The decision taken by the UK Members of Parliament to approve their government’s triggering of Article 50 on 9 March, which will initiate the process of (Br)exiting the European Union, seems not to have stopped discussions on whether to proceed with Brexit.
Tony Blair’s (late) campaign to remain
Tony Blair, former UK Prime Minister, urged voters to “change their mind’ on leaving the EU. He called on the British people to “rise up” against “hard Brexit” and to stop Britain leaving the European Union. This appeal arrived on 16 February during a speech organized by Open Britain, the campaign group set up by leading Remain campaigners to oppose hard Brexit, after the Parliamentary vote in February that has “set in stone” the decision of the UK to leave the EU.
Throughout his speech, Blair acknowledged the fact that “the British people voted to leave Europe”, agreeing that the decision by the British electorate “should prevail” and that “right now there is no widespread appetite to re-think” the outcome. However, he stressed that “the people voted without knowledge of the true terms of Brexit,” and “as these terms become clear, it is their right to change their mind.” Blair therefore called on remain campaigners to make it their mission to now “persuade them to do so”.
The intervention, the first major one since last year’s bitterly fought EU referendum, calls for an outright reversal of June’s referendum vote. It also urges Prime Minister Theresa May to provide a way in which Britain can reconsider its planned departure, if voters decide they are unsatisfied with the agreement that emerges from the negotiations.

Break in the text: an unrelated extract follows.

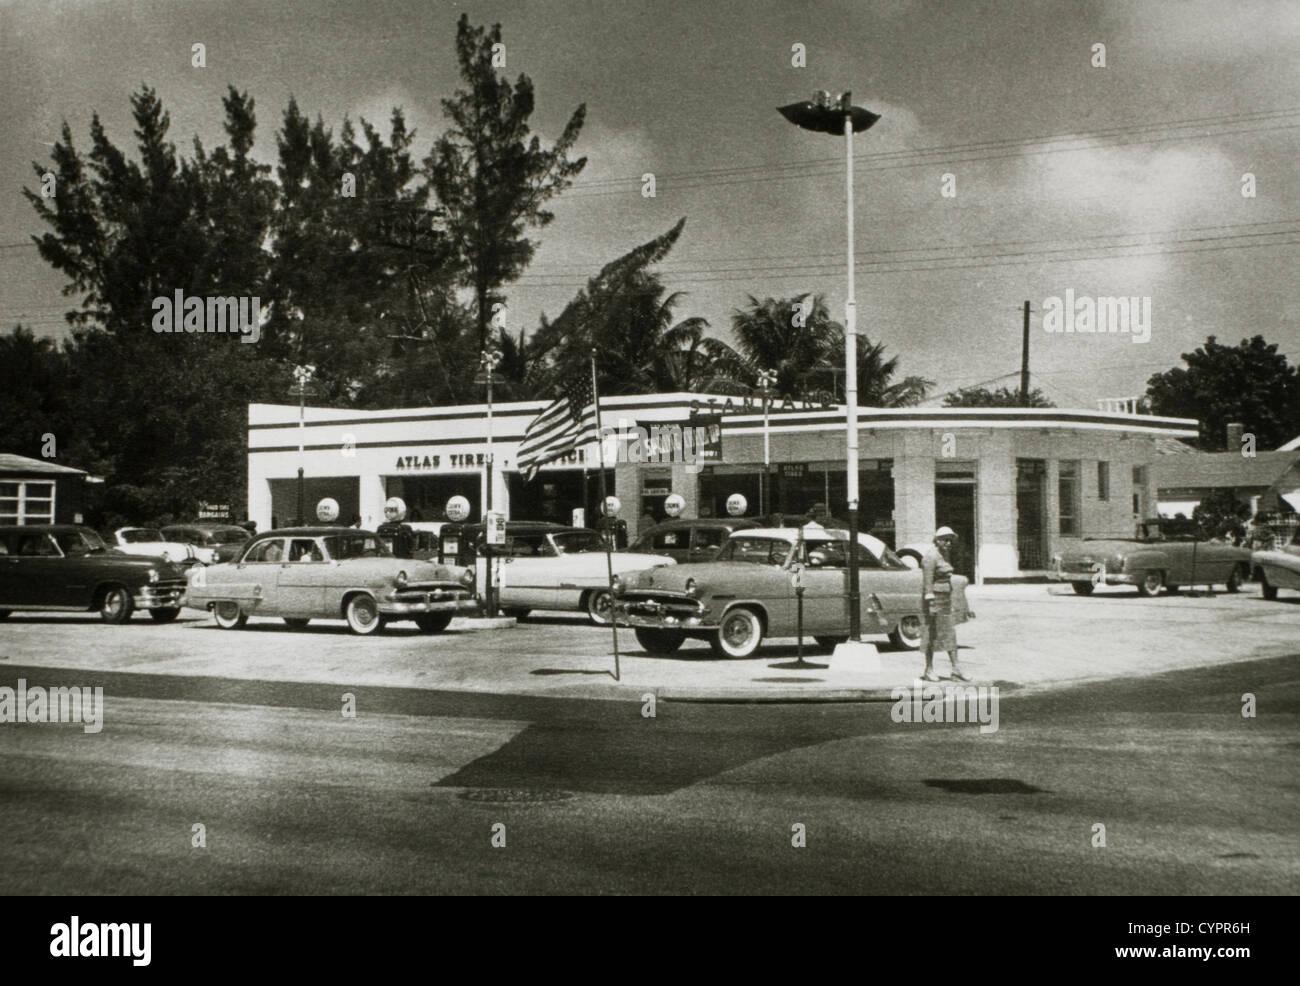 Gasoline Station, Madison, Wisconsin, USA, Circa 1950 - Stock Image

Blair’s address comes shortly after MPs voted to approve the bill that gives Theresa May approval to begin the divorce talks that need to be concluded a within two year timeframe. The former Prime Minister’s view also clashes with current Labour leader Jeremy Corbyn’s decision to support Ms. May’s plans to start the negotiations and, more generally, with his “lukewarm” campaign which had failed to convince its voters to back Remain.
The continent’s opinion: the Brexit bill
The duration of the negotiations, however, is a matter of discussion within the European Commission. In fact, its President Jean-Claude Juncker believes that the talks and agreements required for the UK to leave the bloc a bound to last more than two years, particularly in light of the fact that more than 20,000 laws would have to be changed in the UK before the country could leave Europe.
The process of negotiating the deal may also be further complicated by ongoing financial commitments made by the UK government as part of its membership. While it is hard to calculate the precise sum the UK will owe the bloc after its departure, most parties agree that the sum will be considerable with Commission Chief Spokesman Margaritis Schinas likening it “It is like going to the pub with 27 friends: You order a round of beer but then you cannot leave while the party continues. You still need to pay for the round you ordered.”